As the title says, I have a queen that is laying multiple eggs per cell. This is my first year with bees, and this particular hive is from a swarm I caught about 3 weeks ago, but I'm unsure how to handle this hive now. I've checked this hive weekly and today was the first time I've seen the multiple eggs. Before everything looked fine. I've included a few images. One to show the queen is, indeed, there and one to show the multiple eggs in the cells.

I'd appreciate any help from any of you on how to proceed with this hive.


----------



## ruthiesbees (Aug 27, 2013)

This is actually quite common for a new queen. Give her a few weeks and it should all even out. The cells should be capped as worker brood. If you find a lot of drone cappings, then you may have a problem.


----------



## Brad Bee (Apr 15, 2013)

I've never seen a queen lay that many eggs in a cell. I have seen Laying workers lay that many, and in the bottom of cells on partilally drawn comb like that. They can't reach the bottom of fully drawn cells, but they can reach the bottom of those.


----------



## mjda121 (Jun 4, 2017)

ruthiesbees said:


> This is actually quite common for a new queen. Give her a few weeks and it should all even out. The cells should be capped as worker brood. If you find a lot of drone cappings, then you may have a problem.
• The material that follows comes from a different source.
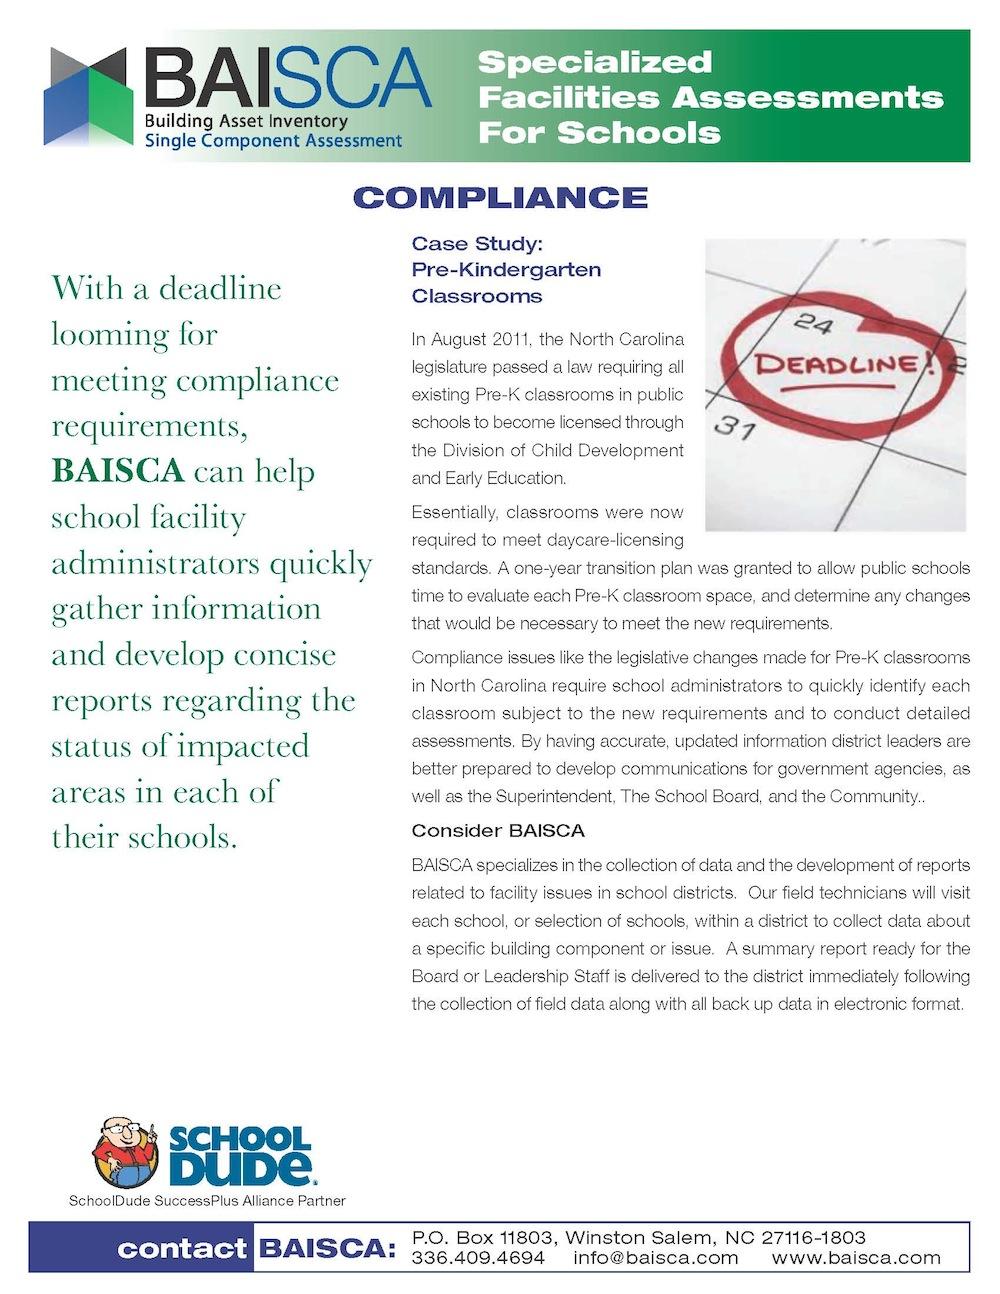 BAISCA_Compliance_1000

I did read that. It just struck me as odd that she'd lay fine for 2 weeks then start this. There is quite a bit of capped brood on 2 frames already. I was wondering if maybe it was possible that she's doing it because she's out of empty comb to lay in.



Brad Bee said:


> I've never seen a queen lay that many eggs in a cell. I have seen Laying workers lay that many, and in the bottom of cells on partilally drawn comb like that. They can't reach the bottom of fully drawn cells, but they can reach the bottom of those.


Yep, my first thought when I saw the eggs, until I actually saw the queen in there.


----------



## Lburou (May 13, 2012)

ruthiesbees said:


> This is actually quite common for a new queen. Give her a few weeks and it should all even out. The cells should be capped as worker brood. If you find a lot of drone cappings, then you may have a problem.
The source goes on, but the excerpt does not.